# COMPETITIVE BODYBUILDING - POWERLIFTING - ATHLETICS & SPORTS > BOXING / FIGHTING / WRESTLING >  A legless, armless wrestler? (no joke)

## GQ-Bouncer

Kyle Maynard

http://www.kmaynard.com/index.html



wtf?

----------


## BOUNCER

> Kyle Maynard
> 
> 
> wtf?



Every cripple has his own way of walking!.

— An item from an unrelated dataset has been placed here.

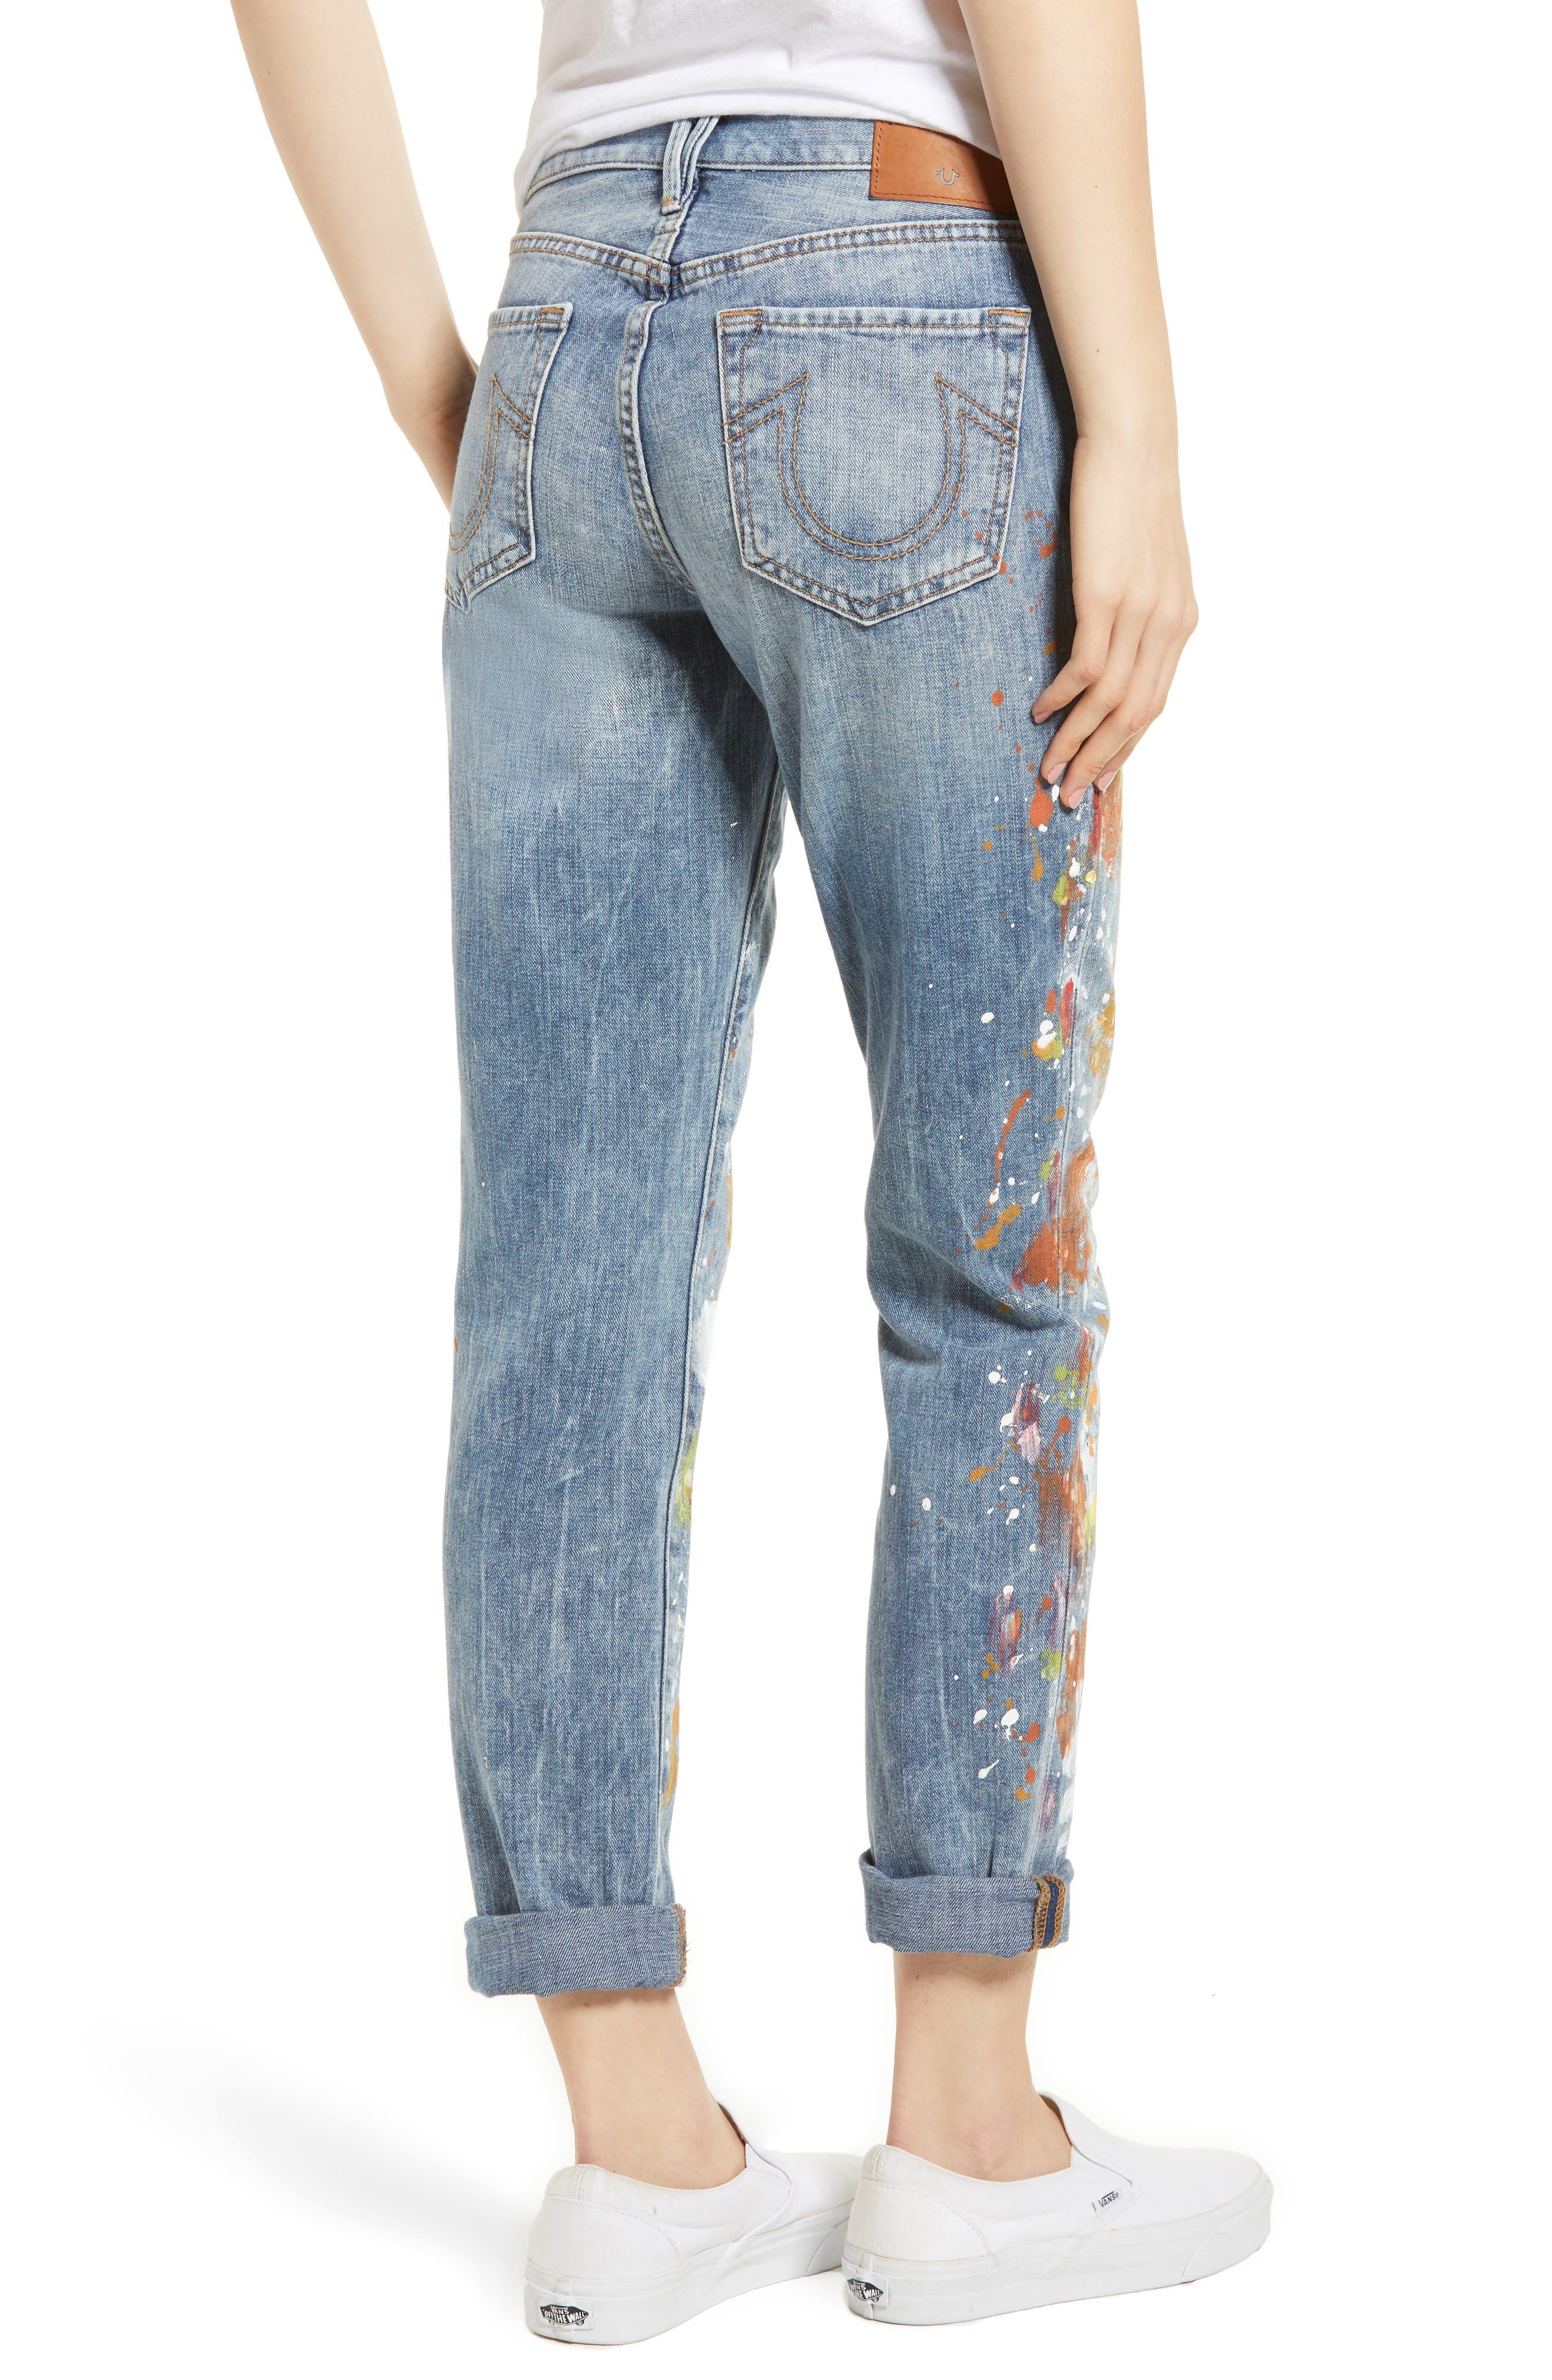 Cameron Slim Boyfriend Jeans,                             Alternate thumbnail 2, color,                             Erwm Popm Art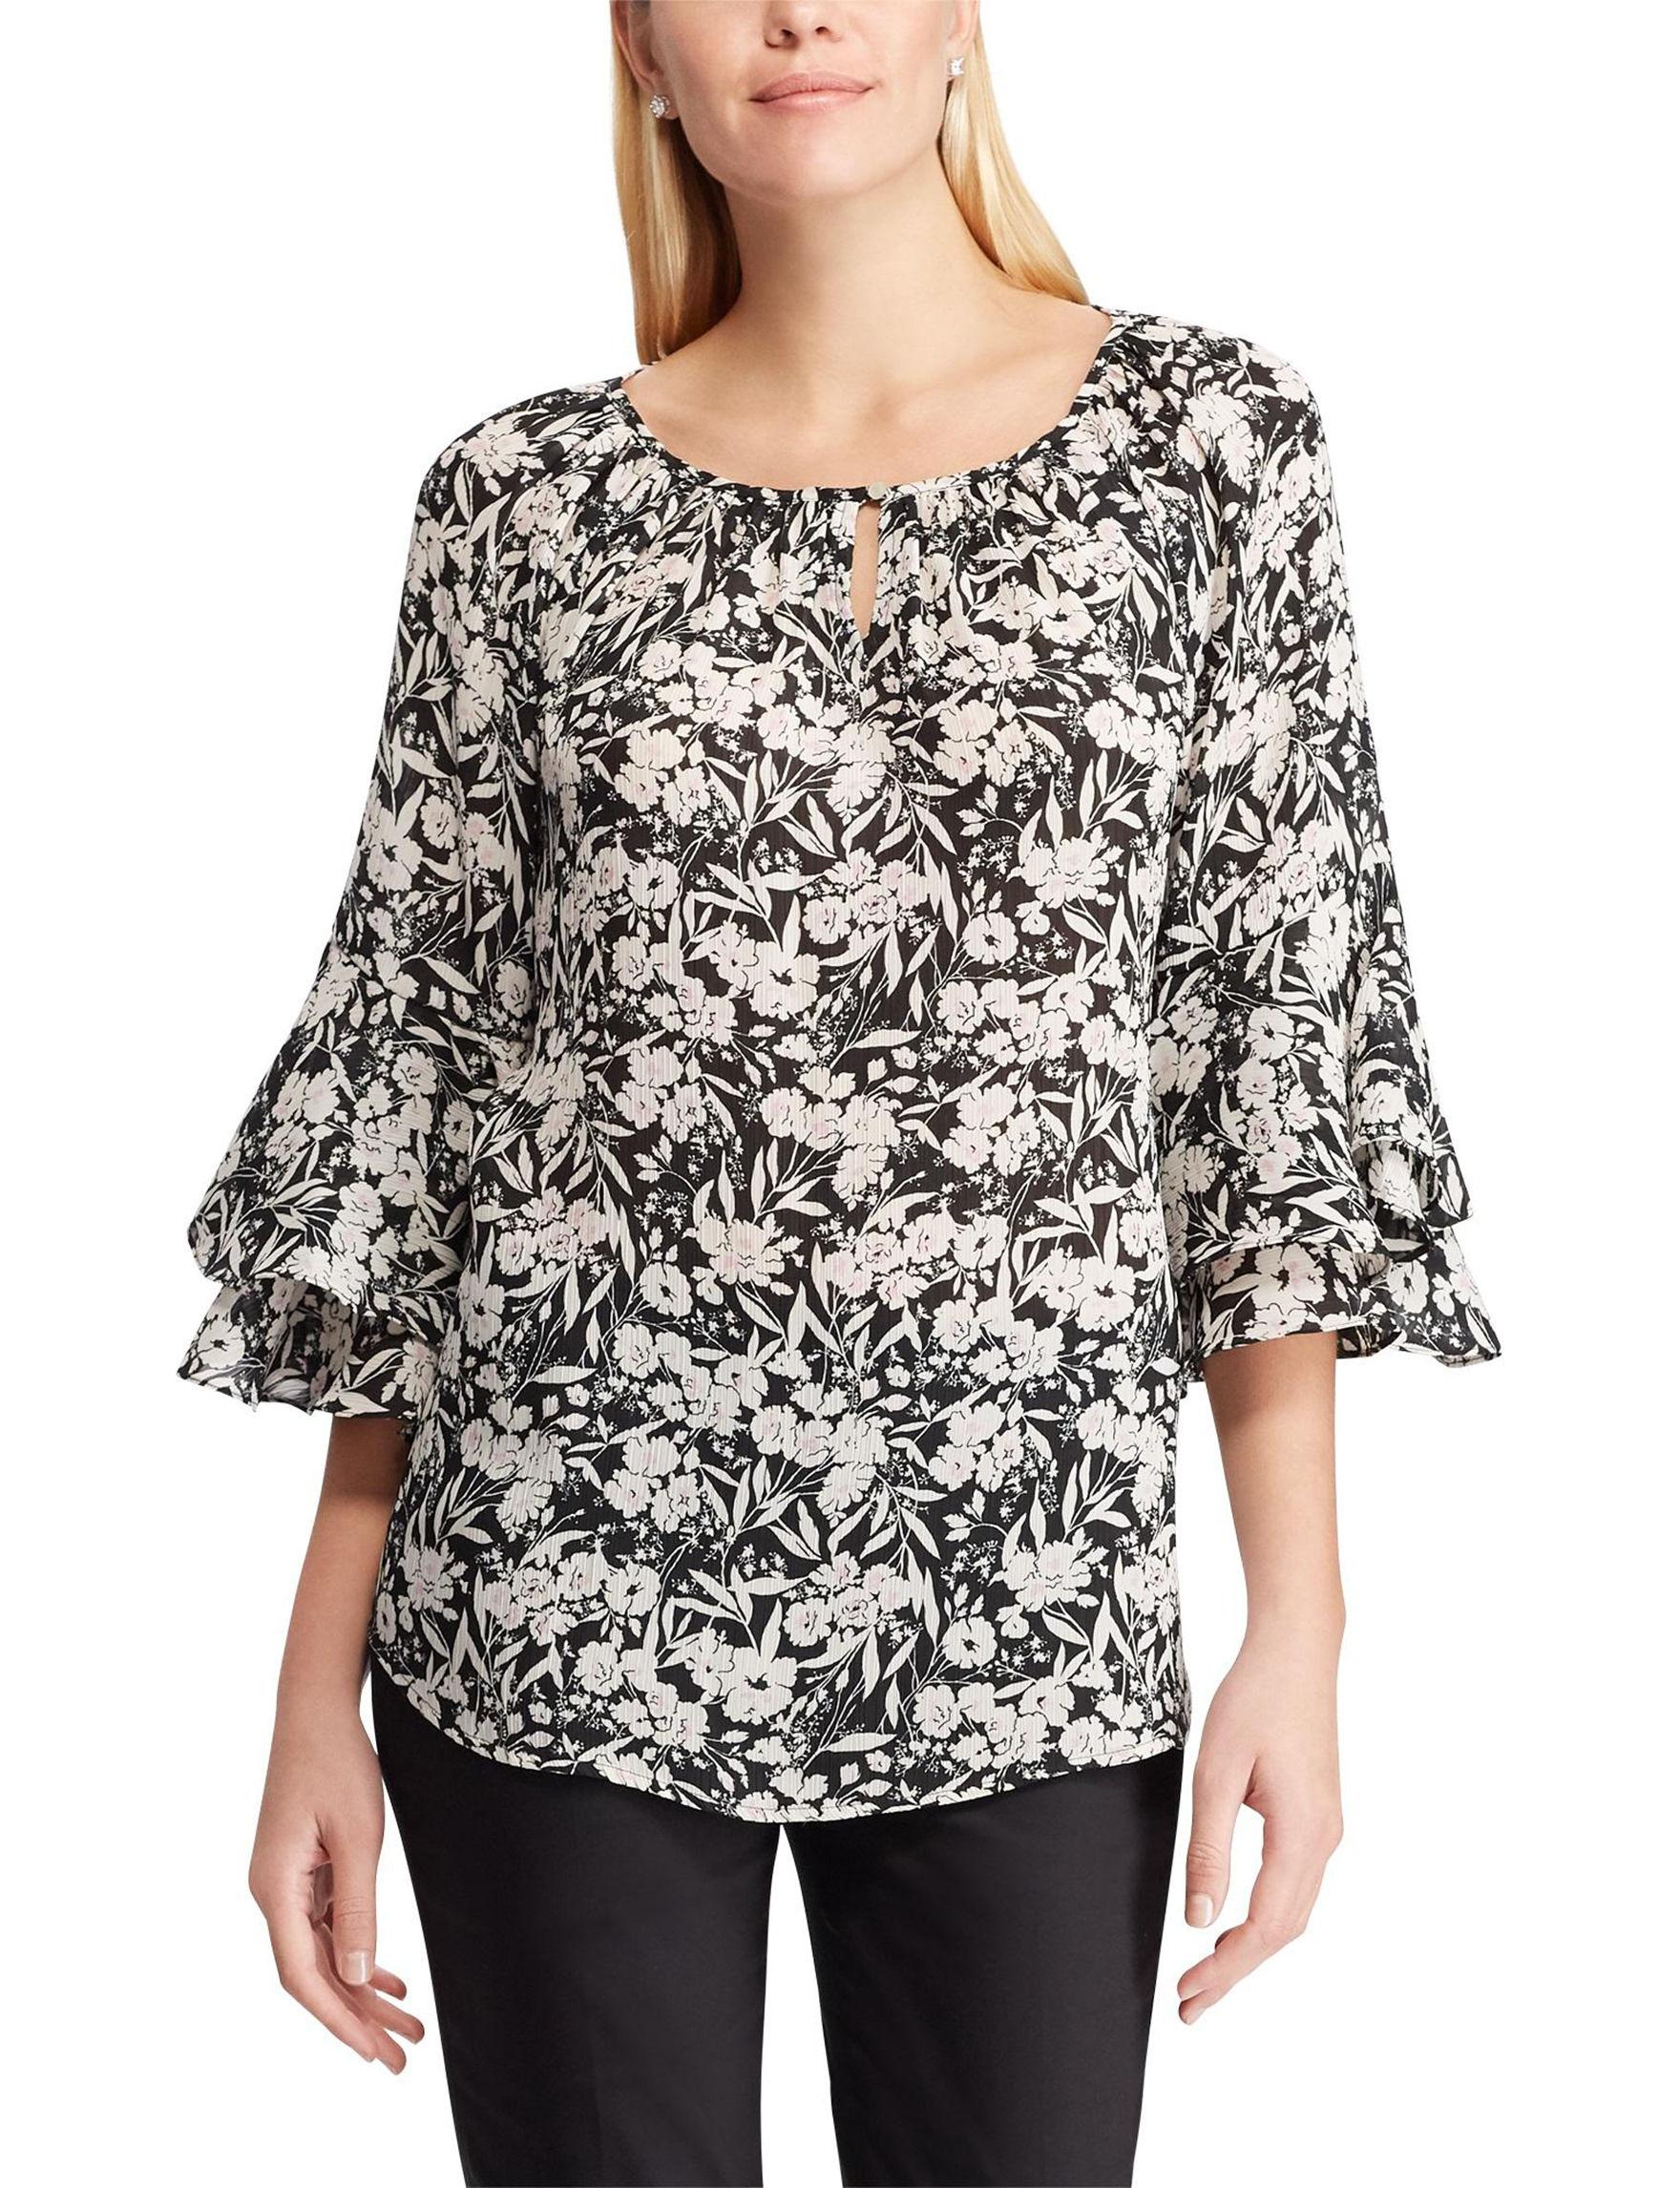 Chaps Black / Beige Shirts & Blouses

We have two blind Judo players in our club. One is both blind and profoundly deaf, both are excellent fighters.

----------


## simm

I love 2 see disabled peoples doing well in sports that they like doing..Disability does not stop you from partiscipating to a degree...Best of luck to them all..!!!!

----------


## ThePump

that is great... makes you realize that your problems rly aren't so bad. i have so much respect for ppl who are the underdogs in life and can still fight through it and make something of themselves, no matter what cards they were delt.

----------


## groundandpoundpwr21

Im saw him on a scared strait thing. They took a problem child and made him spend a day with that wrestler, cause the problem child used to wrestle till he got off track. Was a good inspiration to the kid. Just cant figure out how he wins or wrestles.

----------


## ManOnSwole

I saw this guy on CNN, a true inspiration to all. I believe he wins just like how any of us win, we take the moves we can hit and adapt to suit our style and use them. Maybe he just does the same?

----------


## GQ-Bouncer

thats amazing... i feel guilty for being lazy now  :Frown:

----------


## Chemical King

theres this guy goes to my gym and although he isnt fully mobile he still requires use of a wheelchair. He must be say...at least 35 and he has been that way most of his life and i swear to god he has got a great physique.

----------


## BOUNCER

> thats amazing... i feel guilty for being lazy now



Yea get off your arse ya lazy bastard!.

----------


## Hackamaniac

damn that's pretty amazing

----------


## Pinum

Played football, wrestled HS now college, and Ju Jitsu. He was one of the top wrestlers in his state and he has no arms or legs. I have my HS kids reading the book. It's great in practice when their doggin it.

----------